Bild: Gut 140 Millionen Euro für eine ungewisse Zukunft: das Karlsruher Wildpa…
Am Dienstag fasste die Deutsche Fußball Liga einen Entschluss, dessen
Tragweite sich nicht überall so schnell erschlossen hat wie im Management
zweier Traditionsvereine aus dem Südwesten. Beim Karlsruher SC und dem 1.
FC Kaiserslautern dürfte indes gejubelt worden sein.

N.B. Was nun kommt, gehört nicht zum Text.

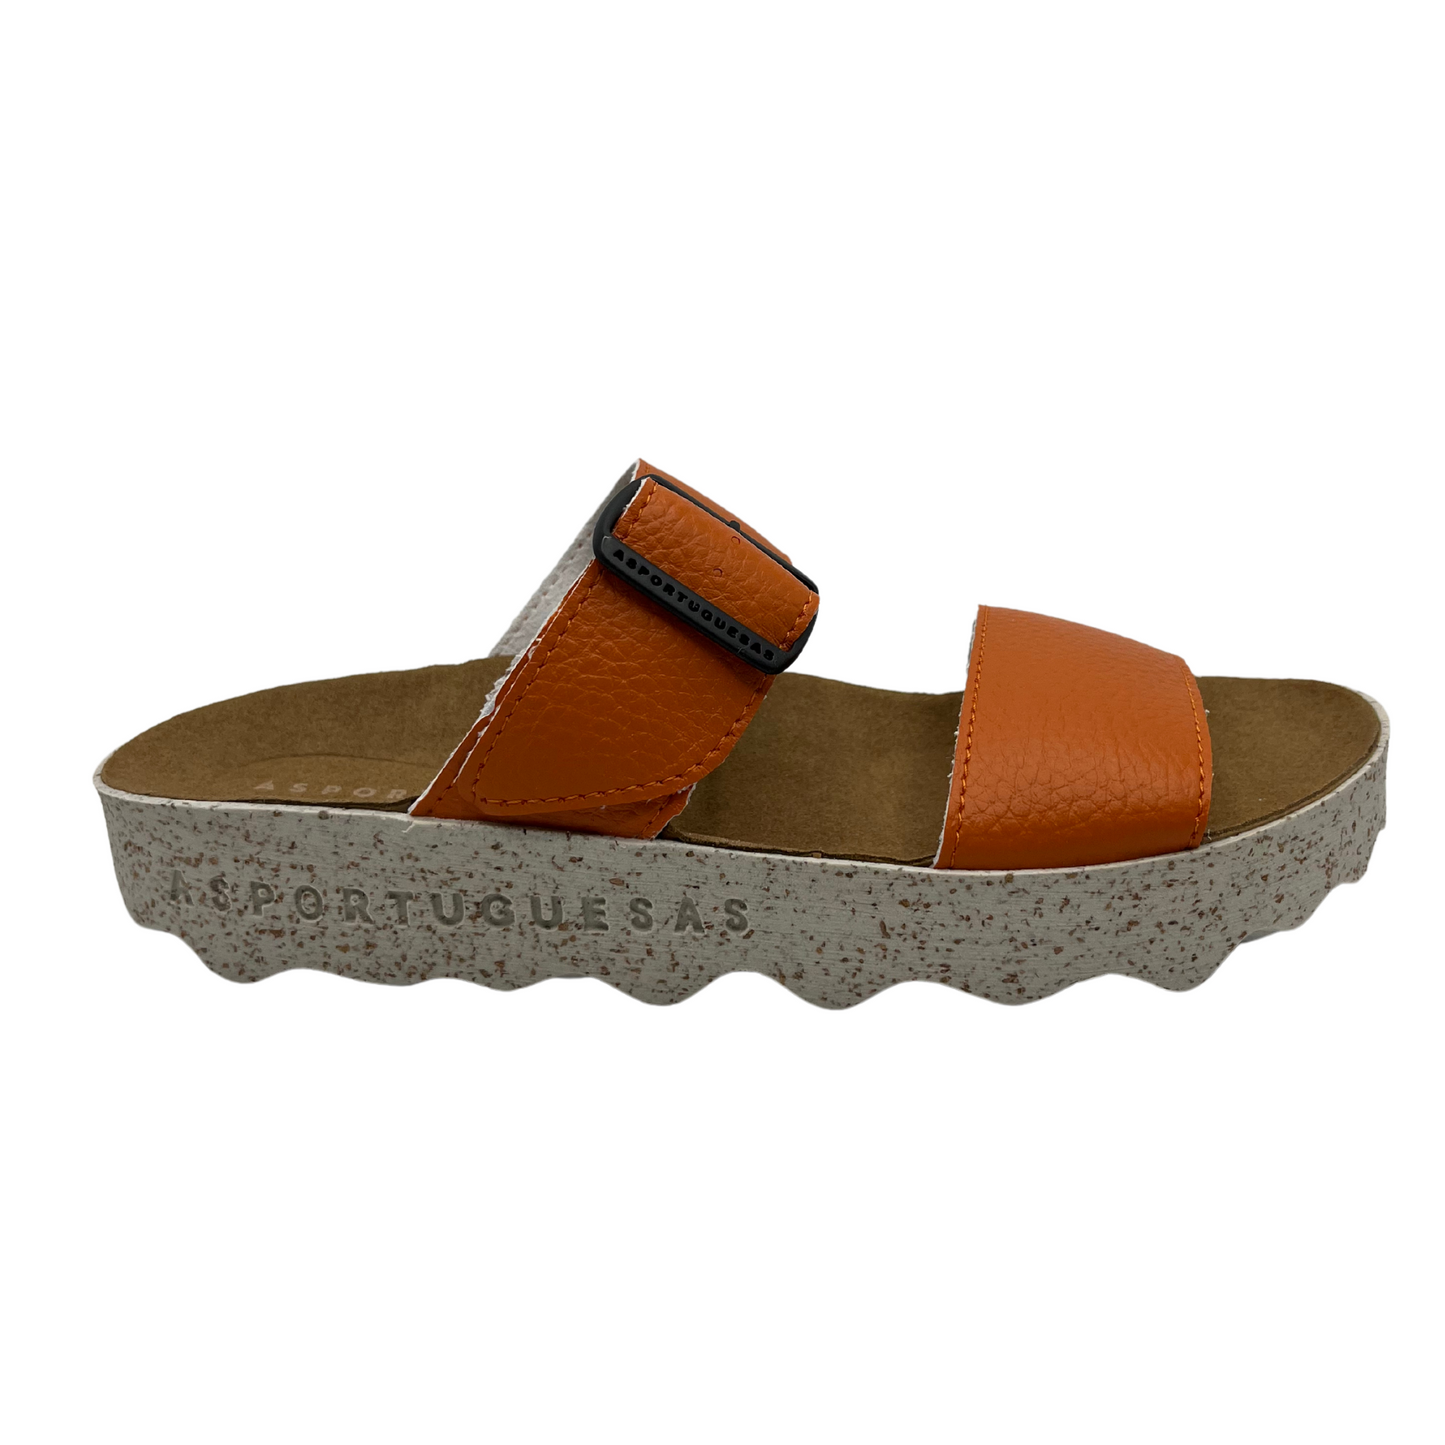 Right facing view of orange strapped sandal with contoured footbed and speckled white and brown outsole
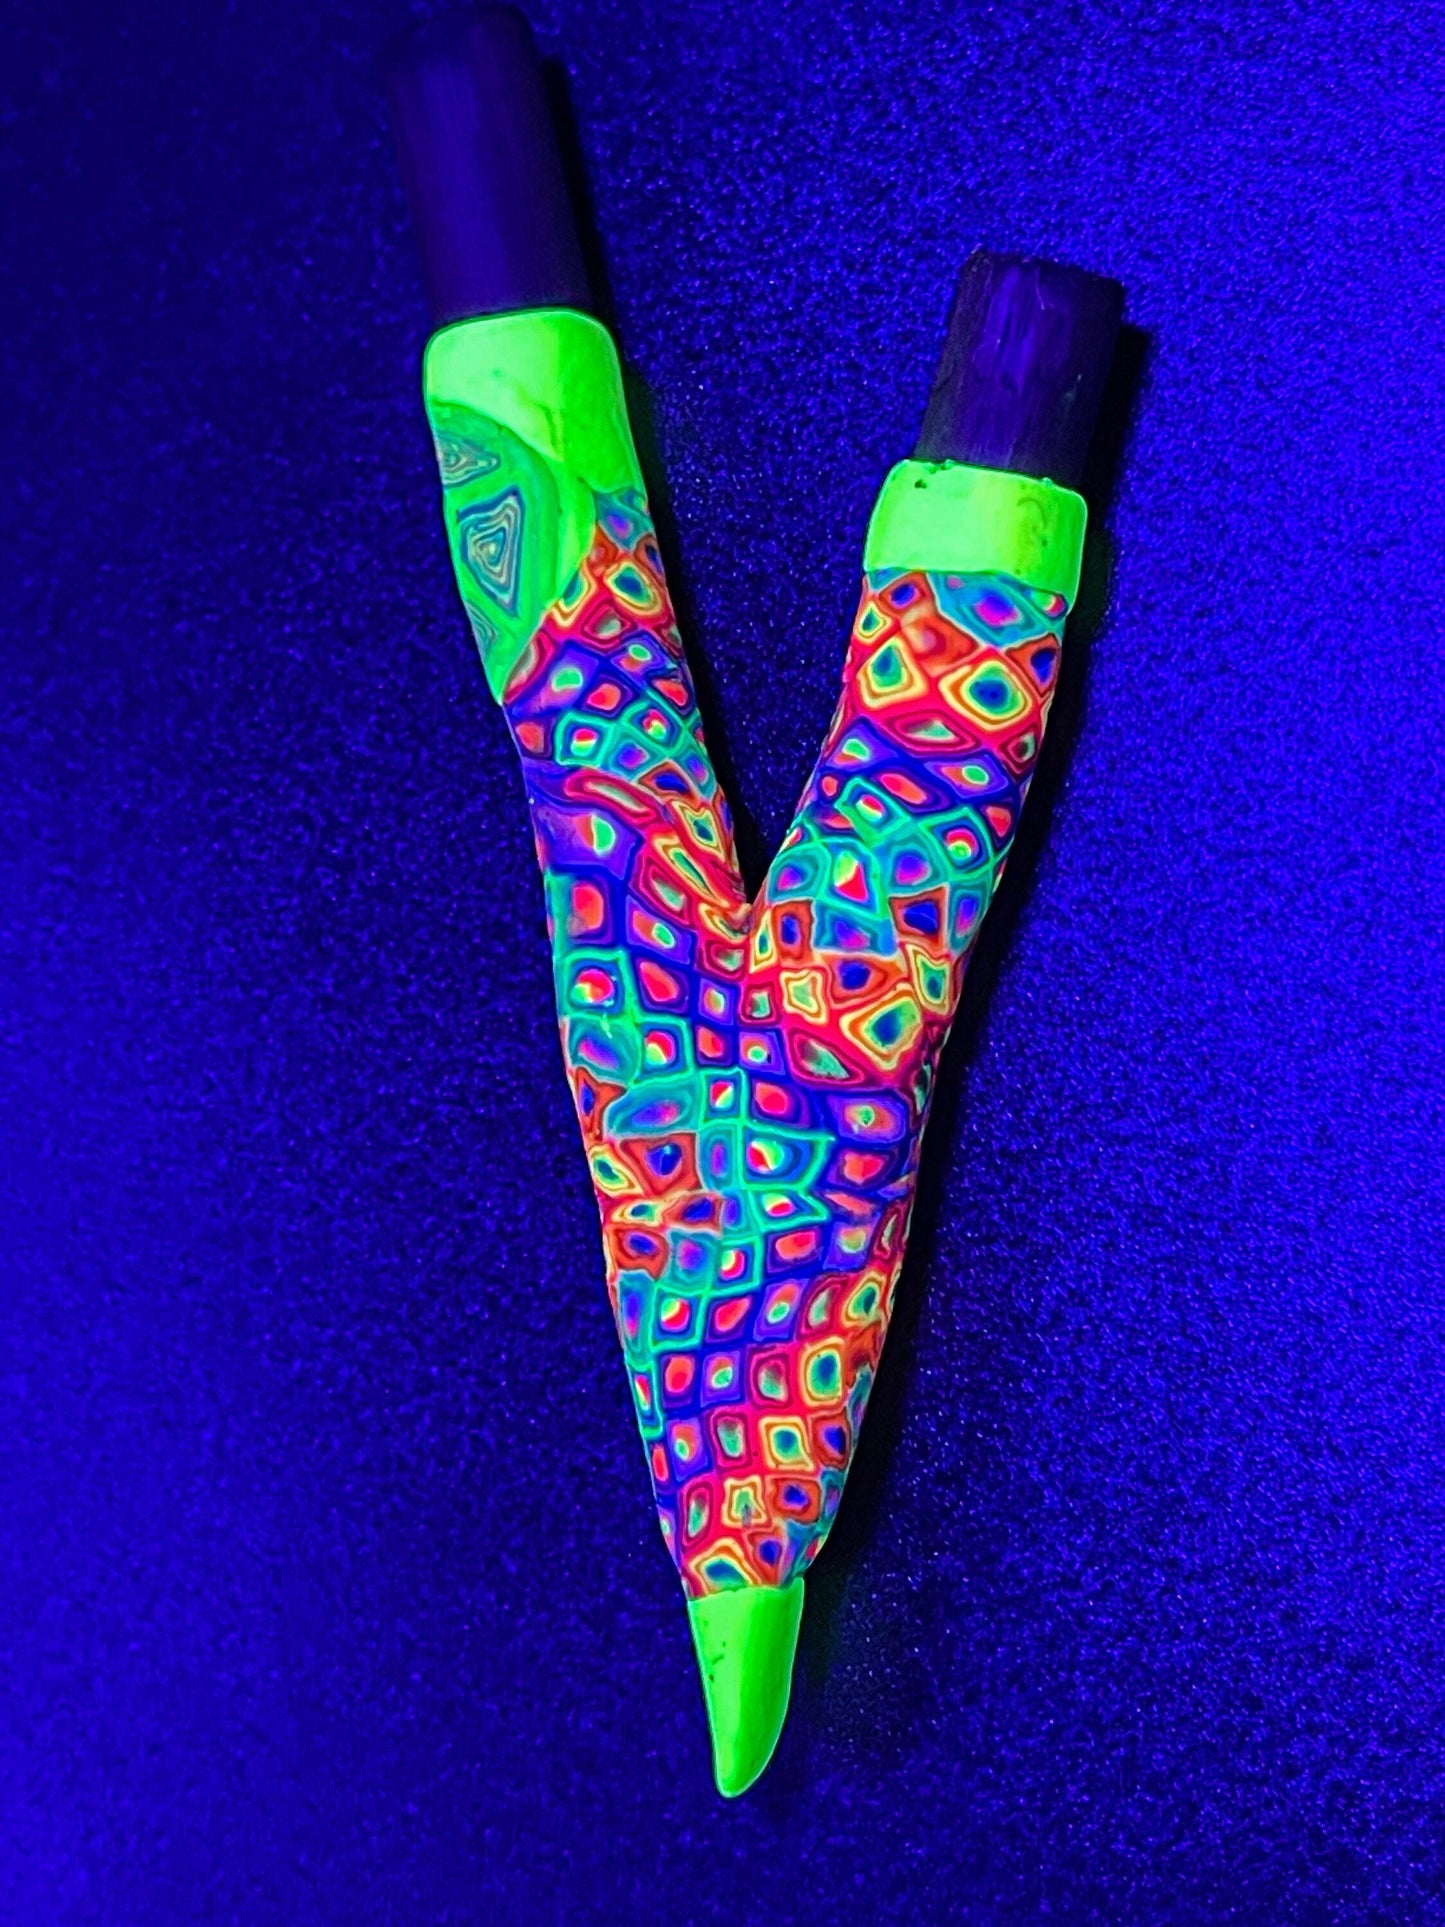 Kuripe self applicator - Traditionally ment for Rapè  - handmade polymer clay blacklight glowing art psychedelic UV eye candy made with love

Aufgrund der Coronakrise, so der einstimmig gefasste Beschluss der 36 in
der DFL organisierten Erst- und Zweitligisten, verzichtet die Branche
nämlich künftig erst mal auf die neunschwänzige Katze im Arsenal der
eigenen Lizenzierungsbestimmungen und streicht die Klausel, wonach jeder
Klub, der ein Insolvenzverfahren einleitet, mit einem Abzug von 9 Punkten
bestraft wird.
Für den KSC ist das eine sensationelle Nachricht. Mit 24 Zählern belegen
die Badener, die Verbindlichkeiten von etwa 17 Millionen Euro plagen,
derzeit den vorletzten Tabellenplatz. Nach der bisherigen Regelung hätten
sie also nach Einleitung eines Insolvenzverfahrens nur noch 15 Punkte – und
wären damit so gut wie sicher der erste Absteiger.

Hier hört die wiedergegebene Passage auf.